Pollock worked with Rita Benton on ceramics, and Professor Adams suggests his dripping and spattering glaze on ceramics represents the first use of a technique that he became famous for in his paintings. He also speculates that Pollock picked the Long Island farmhouse where he lived with artist Lee Krasner until his death because of his experiences on the Vineyard.
Although many art historians have pegged Benton as a conservative, even reactionary, artist whom Pollock broke with once the Bentons left New York, the author shows how Pollock continued to call Benton and rely on his support, reminiscing about the early days on the Vineyard. Publicly, Pollock claimed Benton served as someone to react against, but Adams compiles evidence suggesting otherwise. En route to the Vineyard from Kansas City, Benton stopped to visit his former student.

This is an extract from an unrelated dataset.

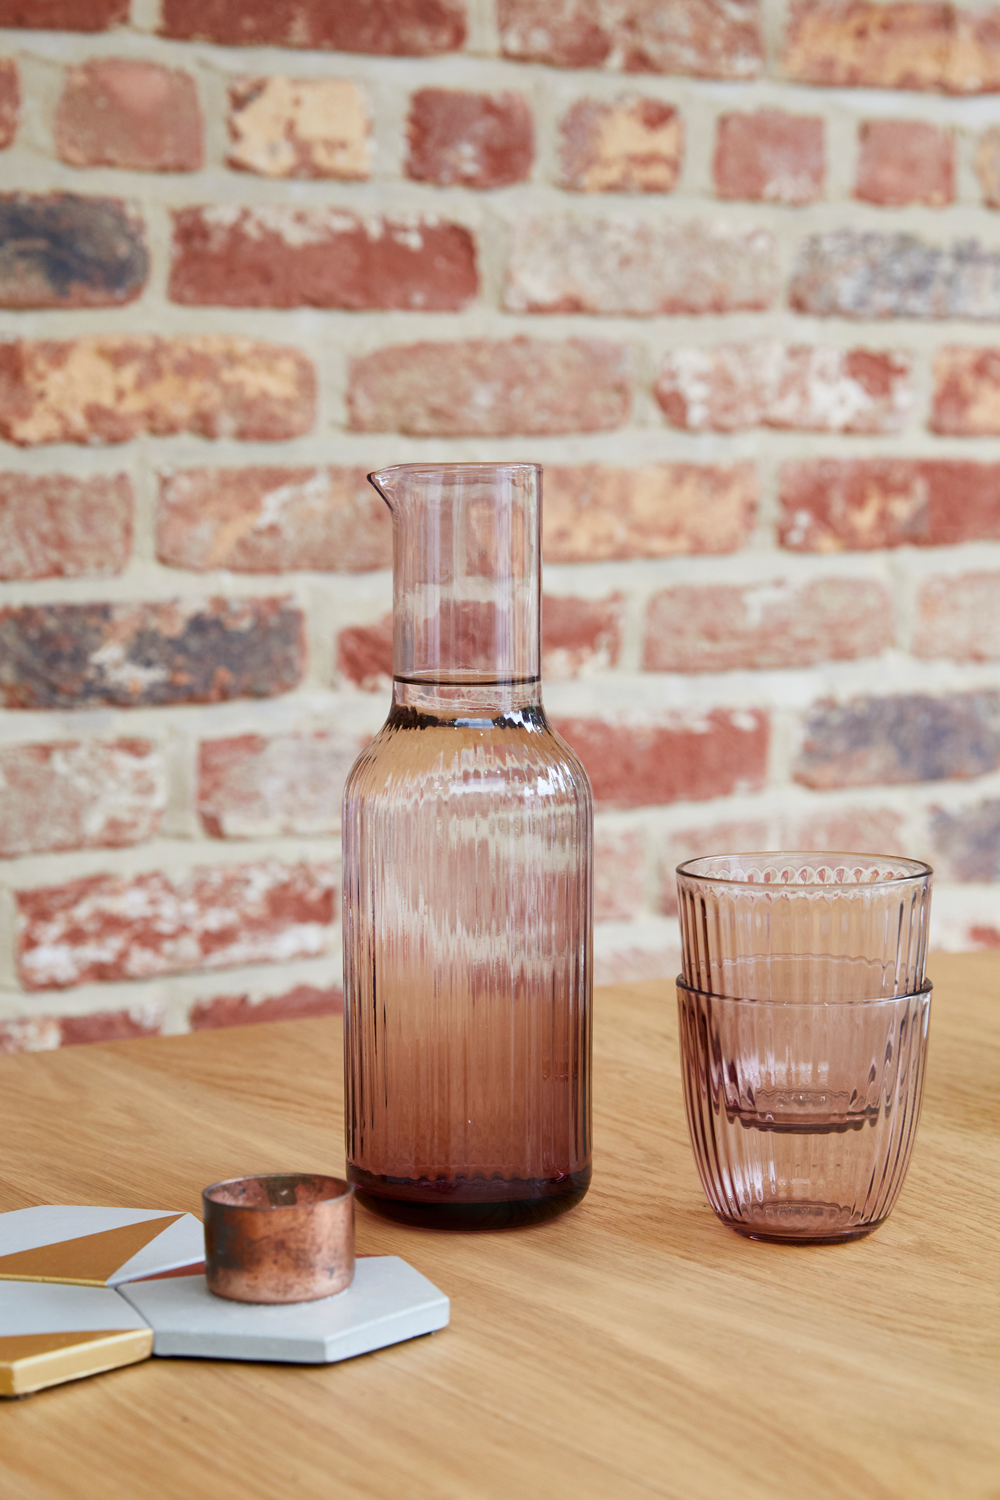 Pink glasses sit on oak dining table with exposed brick backdrop

Professor Adams illustrates how Pollock returned to the methods he learned from Benton, once he began making drip paintings. Benton and Pollock had a special bond, and the author argues that the most original and significant aspects of Pollock’s work came from Benton.
When Pollock died in a 1956 car accident, painters Willem de Kooning and Herman Cherry brought the news to Benton on the Vineyard.
“You know, Jack never made a painting that wasn’t beautiful,” he told them. It was the only time Benton talked to de Kooning.
Brooks Robards, a frequent contributor to The Times, divides her time between Oak Bluffs and Northampton.